I’ve written about the metaphorical road trip of life, but it’s rare that I actually get to go on real road trips myself. Most of my friends live out of driving distance these days, at least they live out of a distance that’s financially and ecologically responsible to drive when it’s just me going.

And I miss road trips. Just sitting in the car on my own, listening to music I never have a chance to really appreciate in the hustle and bustle of my everyday life, there’s a special kind of peace about that. And then there’s the exploration factor. That whole not-knowing exactly what you’ll encounter or where the trip will take you. You can’t replicate that experience.

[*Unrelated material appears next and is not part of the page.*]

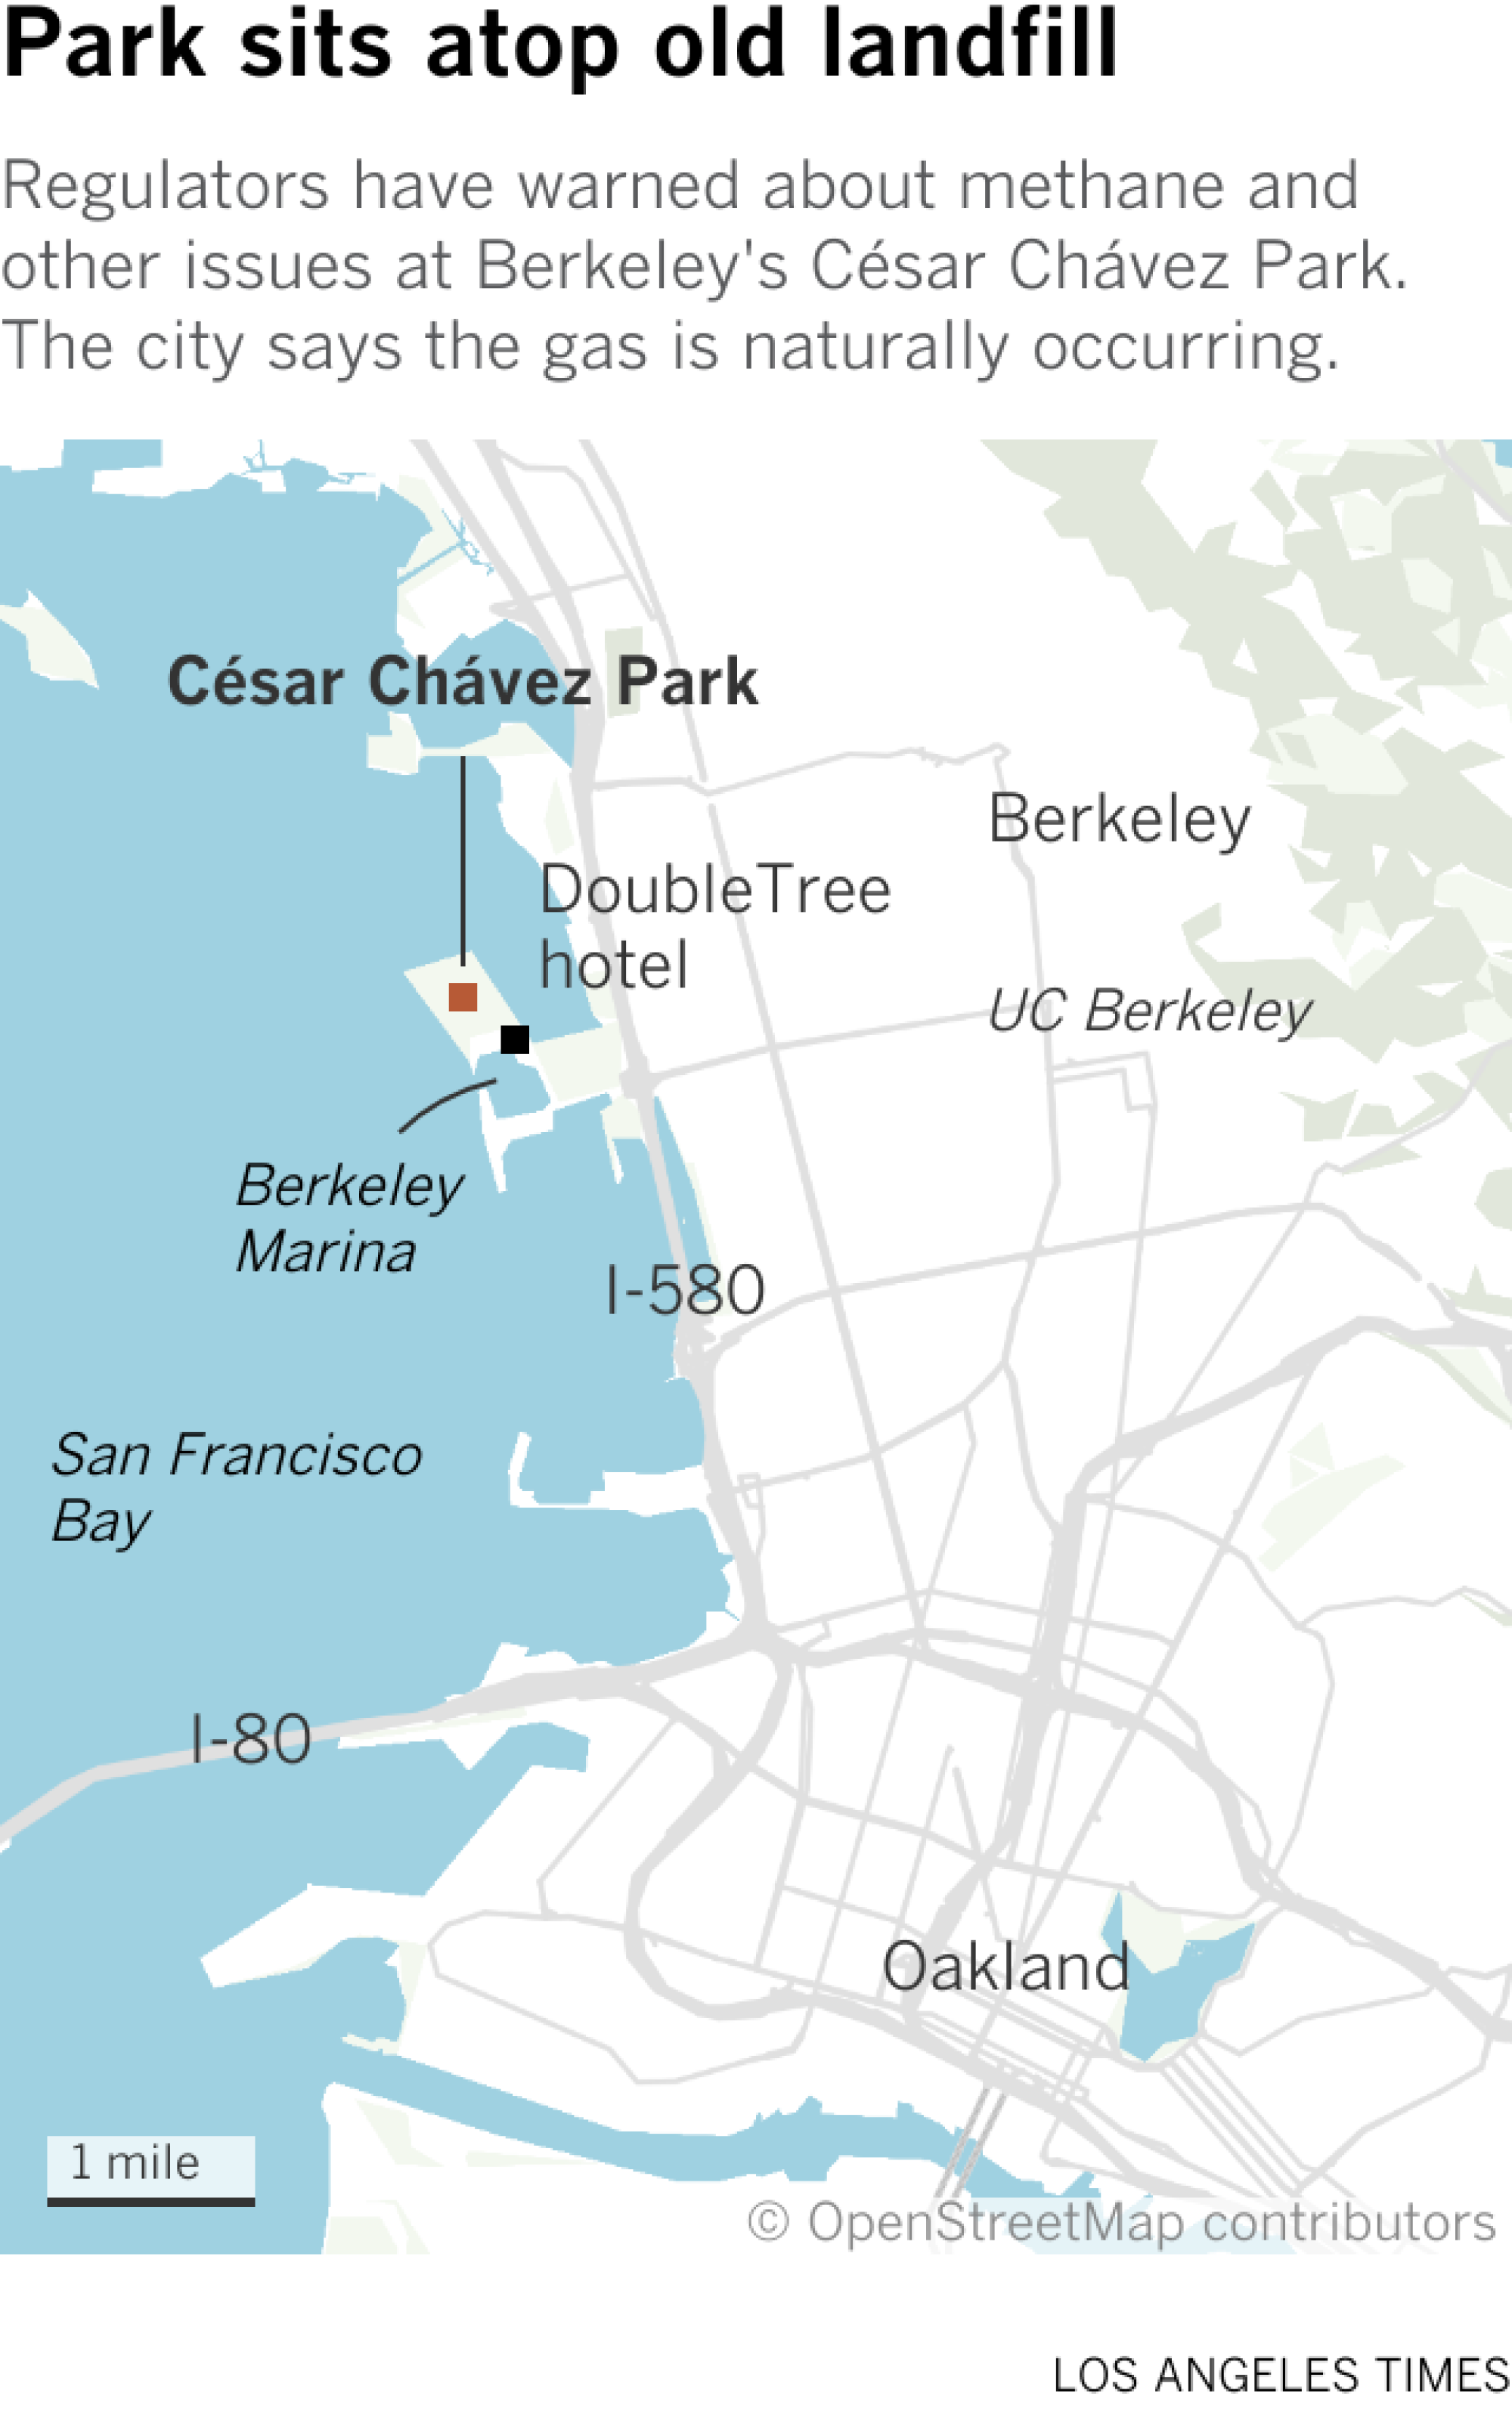 Die Karte zeigt die Lage des César Chávez Park und des nahegelegenen DoubleTree Hotels am Berkeley Marina.  Der Park liegt auf der Westseite von Berkeley.

So I decided that I would work a road trip into my list of summer challenges. It’s #5 – now marked off.

Summer 2014 Challenges

10. Get together with my teacher friends 2 or more times. Be girly if possible.
9. Re-read three (one left!) classic-faves of mine.
8. Go dancing. Just once. You’re not too old.
7. Have the tough conversations that I’ve been putting off. If not now, when?
6. Visit at least one college friend.
5. Take at least one road trip to somewhere new – just to drive it!
4. Read an new book start-to-finish AND watch the movie adaptation in the same day.
3. Powder room mini-renovations (it’s complex but not difficult).
2. Paint the tile on the floor of my guest room to make it truly magical.
1.  Do something for myself every single Friday (that’s 3 of them) while I’m teaching summer school.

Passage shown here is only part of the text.